My goal for this blog post was to find the best theoretical opening word that gives the best chance of winning in the shortest guesses. There have been a lot of people that attempted to answer this question and I wanted to explore different ways and ideas that made sense to me.

First Approach - ROATE

In this approach, I decided on a heuristic that the best word to guess during any Wordle attempt, is a word that would eliminate the most words and reduce the searchspace (entropy). In the algorithm I designed, I kept track of the number of words eliminated as adding more and more color hints, and I did that for all the possible words that can be accepted. This gave me the best word of ROATE with average reduction of searchspace to 60.42 words from 2315 total words.

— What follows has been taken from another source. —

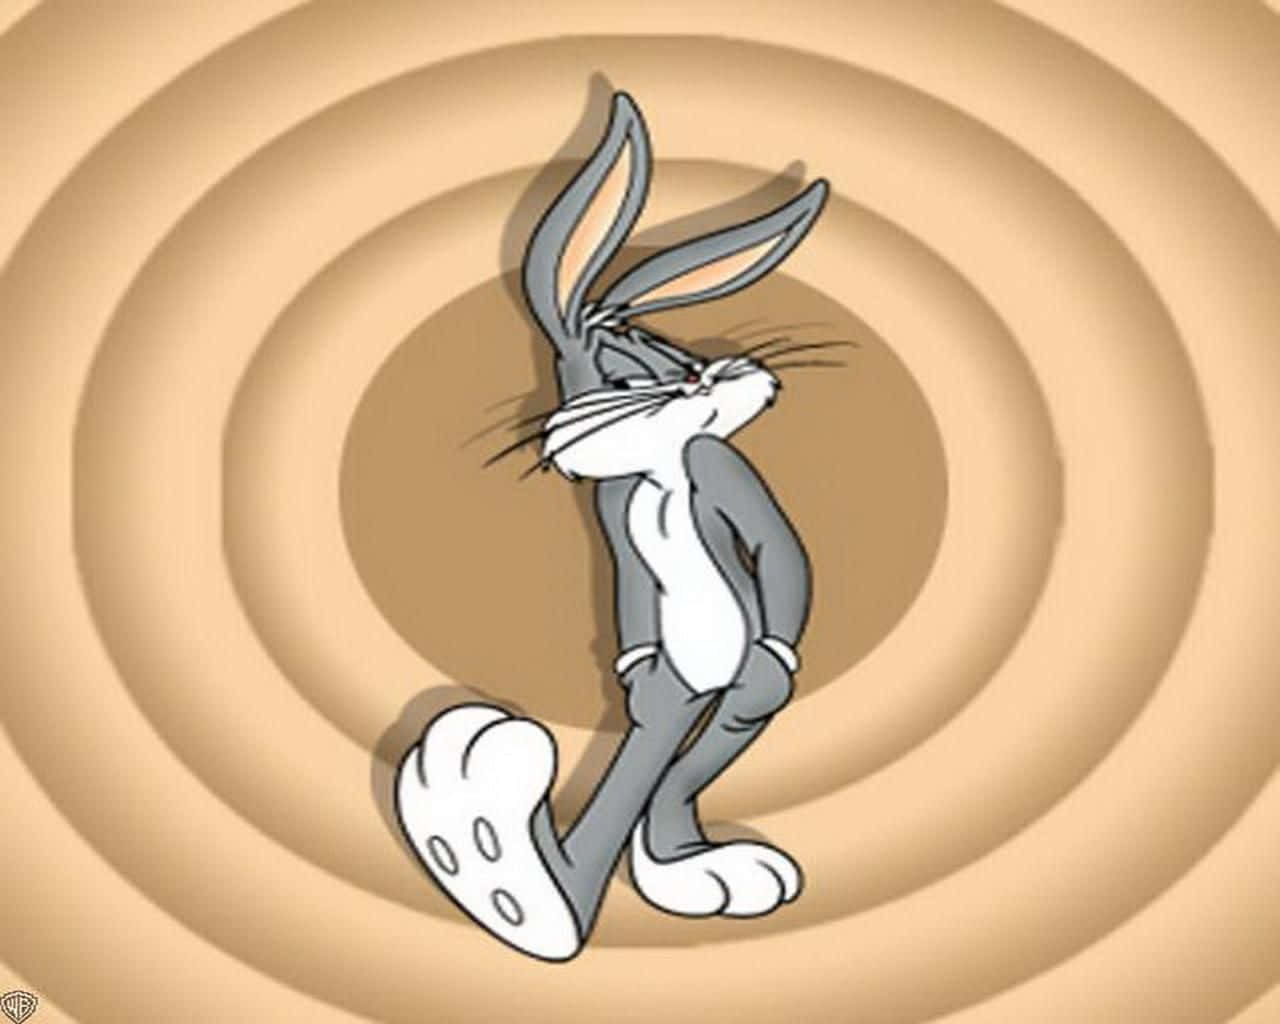 Rabbitreimagined: Cool Bugs Bunny Translates To

001.roate: (60.424622030237515)
002.raise: (61.00086393088577)
003.raile: (61.33088552915751)
004.soare: (62.30107991360683)
005.arise: (63.7257019438448)

My results above match with other resources I found online (reddit post and Finding the best Wordle Opening).

Second Approach - SALET

After my first attempt to solve the problem, I realized that it can be suboptimal. Assuming a word that reduces the search space the most on the first attempt does not conclude that it is the best strategy overall. The best analogy of this is eating a bowl of cereal with a ladle, yes the first swig will be plentiful but it is very inefficient for 2nd and 3rd attempt. So I opted for a tree-like search by analyzing words eliminated after multiple attempts. This led me to find the word SALET with an average reduction of the searchspace to 3.37 words after 2 attempts from 2315 total words.

001.salet: (3.3706263498920634)
002.toile: (3.400863930885407)
003.slate: (3.4146868250541047)
004.slane: (3.424190064794857)
005.roate: (3.440604751619958)

The word SALET given the original Wordle answer set was a very popular mathematical opening word. A lot of other online resources reached the same conclusion such as (MIT Journal, 3Blue1Brown, and jonathanolson.net).

Conclusion

I put all my code for this project on github. I did not try to get further statistics on the word SALET and analyze the average win rate (Online sources say 3.4 average attempt win rate). The word SALET can get unlucky specially with double letter words such as JIFFY and FIZZY, and could take up to 5 tries to solve. Will I change my Wordle strategy and use words such as SALET? Probably not, SALET might be super efficient for computers, but it is not an efficient word for Humans as we do not perform exhaustive searches. For humans using words that highlight all the vowels or have a higher likelihood of green letters might be a better choice.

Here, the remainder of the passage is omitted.